To simply demonstrate how the respondents swamped this Court with their pleadings and motions, the said pleadings and motions are summarized below in outline form, with the corresponding actions taken thereon by this Court –

I. Resolution, dated 15 August 1994, denying the Petition for Review on Certiorari

A. Motion, dated 22 September 1994, for reconsideration of the Resolution, dated 15 August 1994 (by Atty. Patajo)

B. Motion, dated 04 October 1994, to have the case referred to this Court En Banc or to another Division other than the Third (by Atty. Patajo)

II. Resolution, dated 19 October 1994, which (i) denied I-A for lack of merit, such denial being final; and (ii) noted I-B

A. Motion, dated 17 November 1994, for leave to file second motion for reconsideration of the Resolution, dated 15 August 1994 (by Atty. Patajo)

B. Second motion for reconsideration of the Resolution, dated 15 August 1994 (by Atty. Patajo)

III. Resolution, dated 07 December 1994, which (i) denied II-A; and (ii) noted without action II-B

A. Entry of Appearance by respondent Atty. Patron, dated 10 January 1995, in substitution of Atty. Patajo who withdrew as counsel

B. Motion, dated 10 January 1995, for reconsideration of the Resolution, dated 07 December 1994 (by Atty. Patron)
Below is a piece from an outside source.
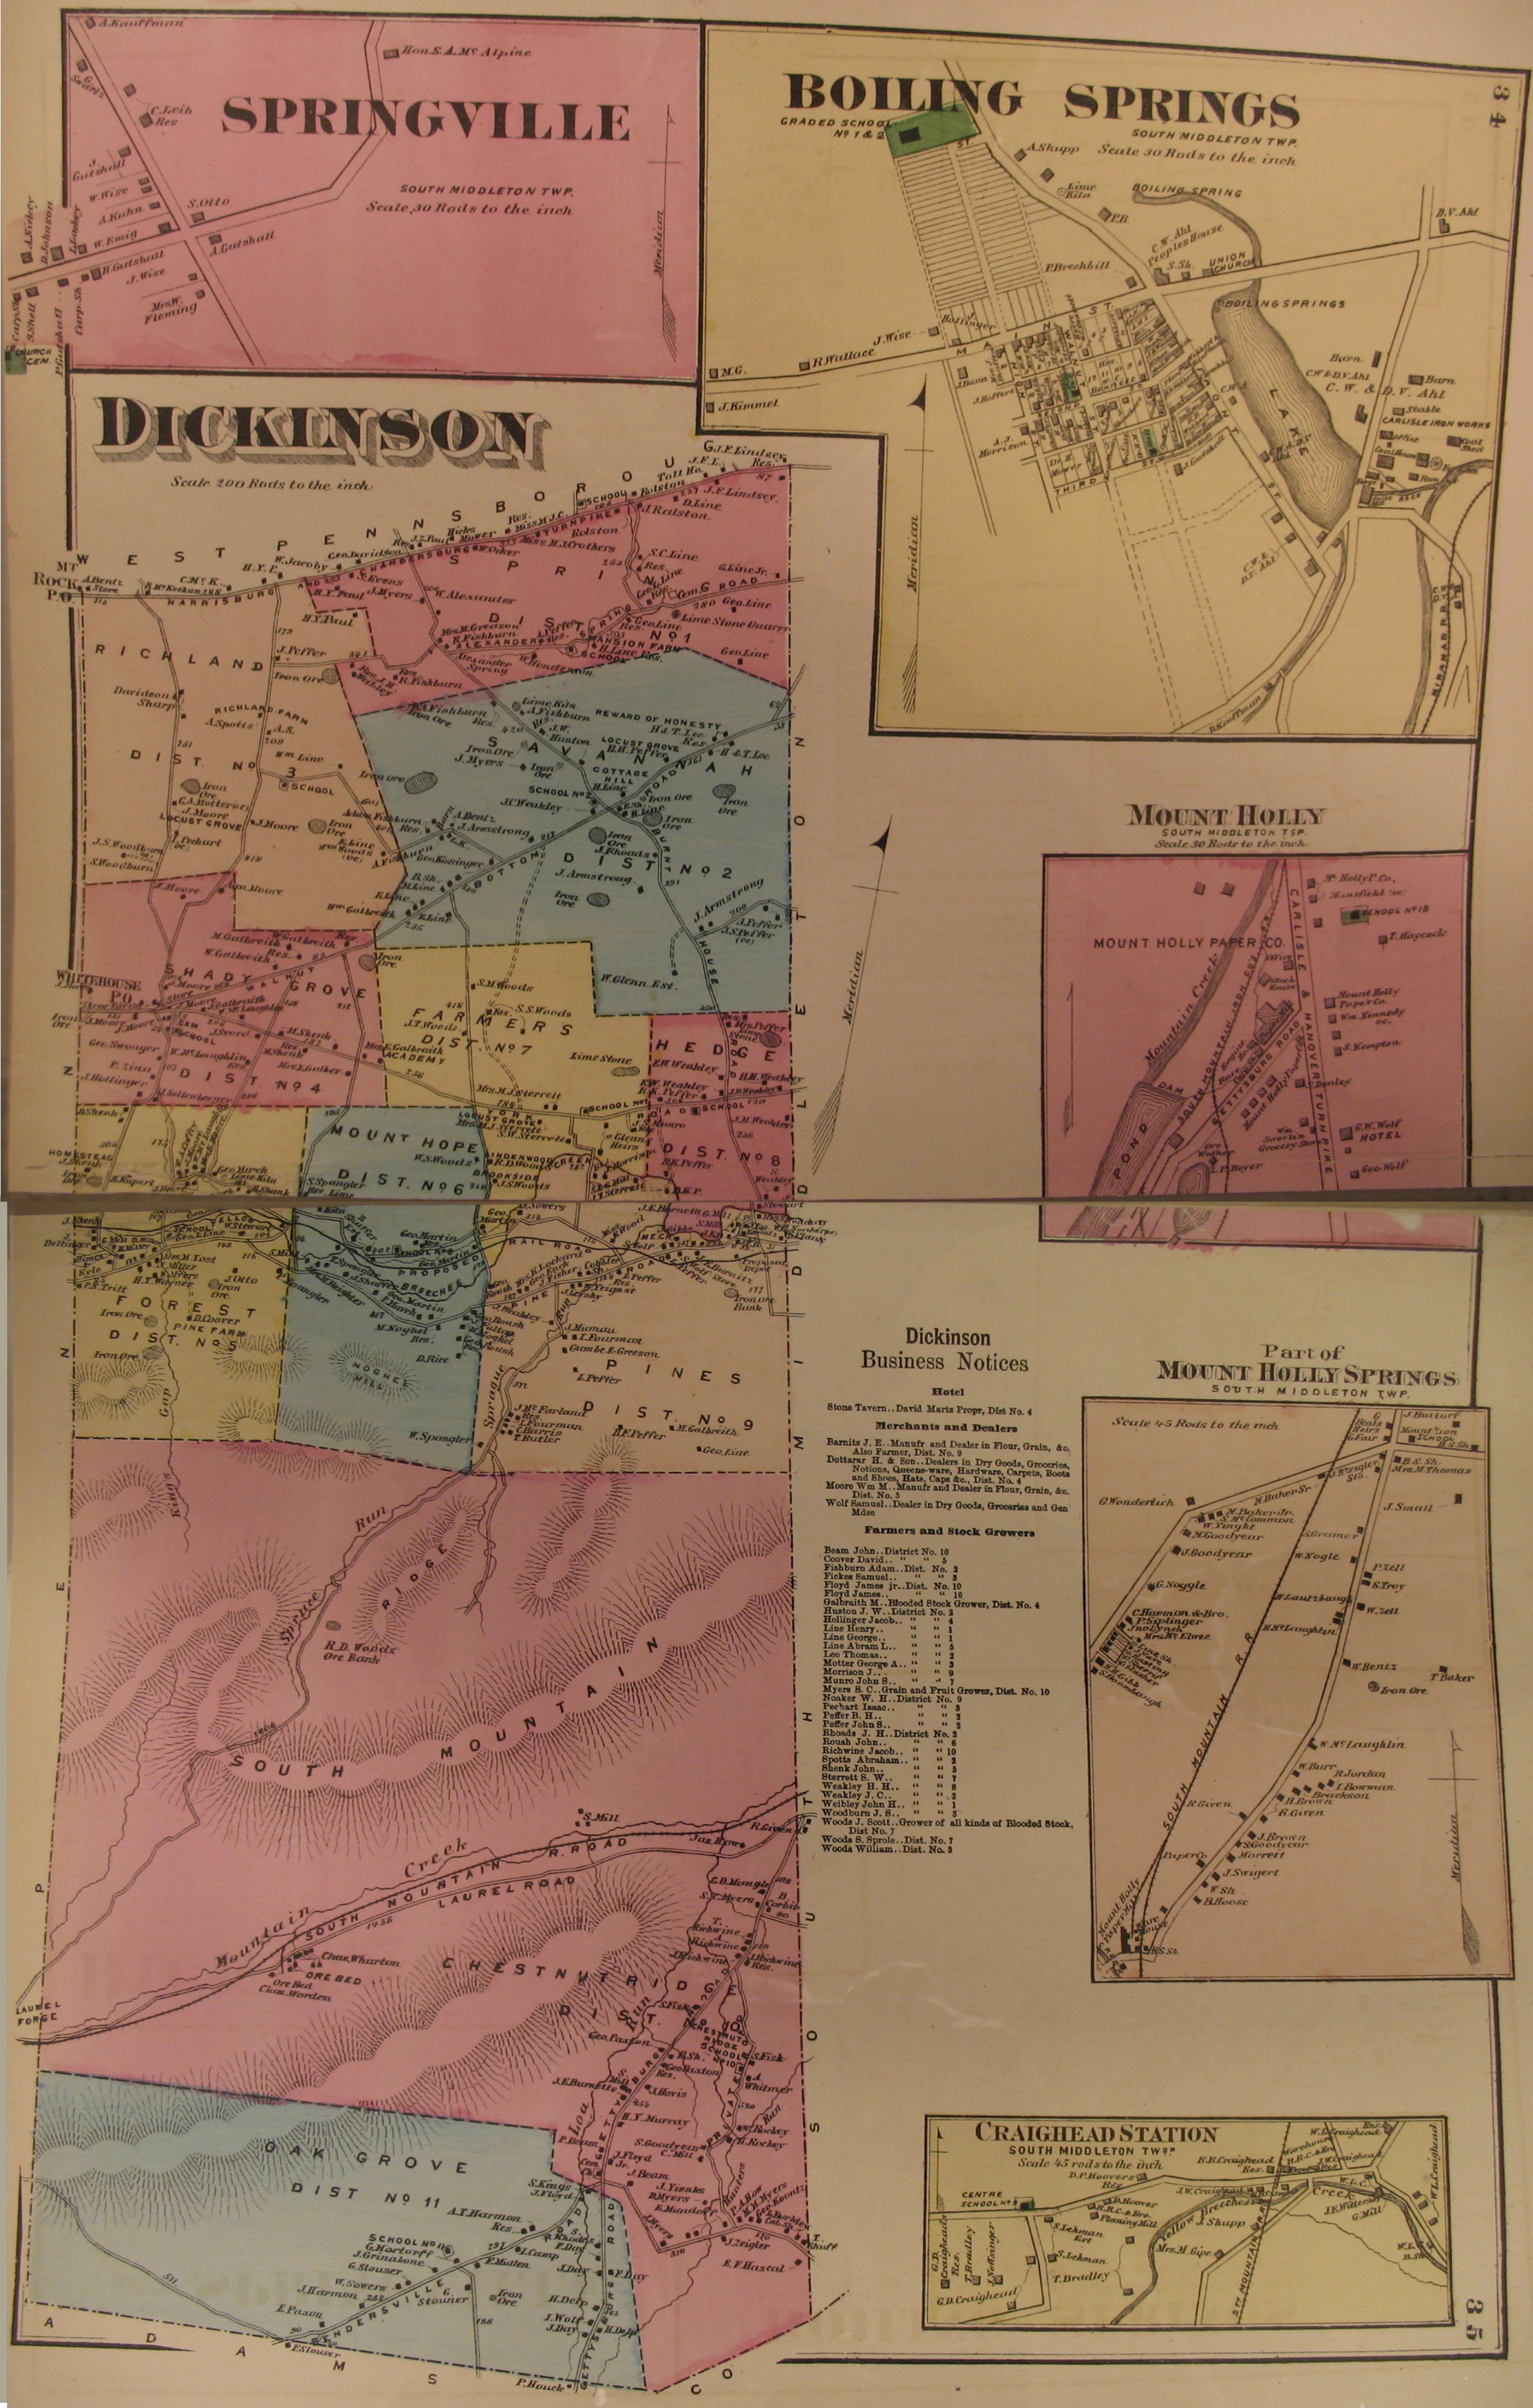 Cumberland County 1872 Atlas, Warrantee Mapsboiling springs town

C. Reply, dated 30 January 1995, to the Opposition filed by the Alcantara Group to III-B (by Atty. Patron)

D. Omnibus motion, dated 18 April 1995, seeking the inhibition of three members of the Third Division from participating in the deliberations of the case (by Atty. Patron)

E. Entry of Appearance, dated 14 August 1995, by Atty. Paguia, as collaborating counsel; with opposition to the motion, dated 03 August 1995, filed by the Alcantara Group, to cause entry of judgment in the case; and with prayer for resolution of the case by this Court En Banc

IV. Resolution, dated 02 October 1995, intended to put an end to the case once and for all by (i) noting without action III-D and III-E; (ii) ordering the entry of judgment in the case; and (iii) declaring that no further pleadings shall be entertained in the case.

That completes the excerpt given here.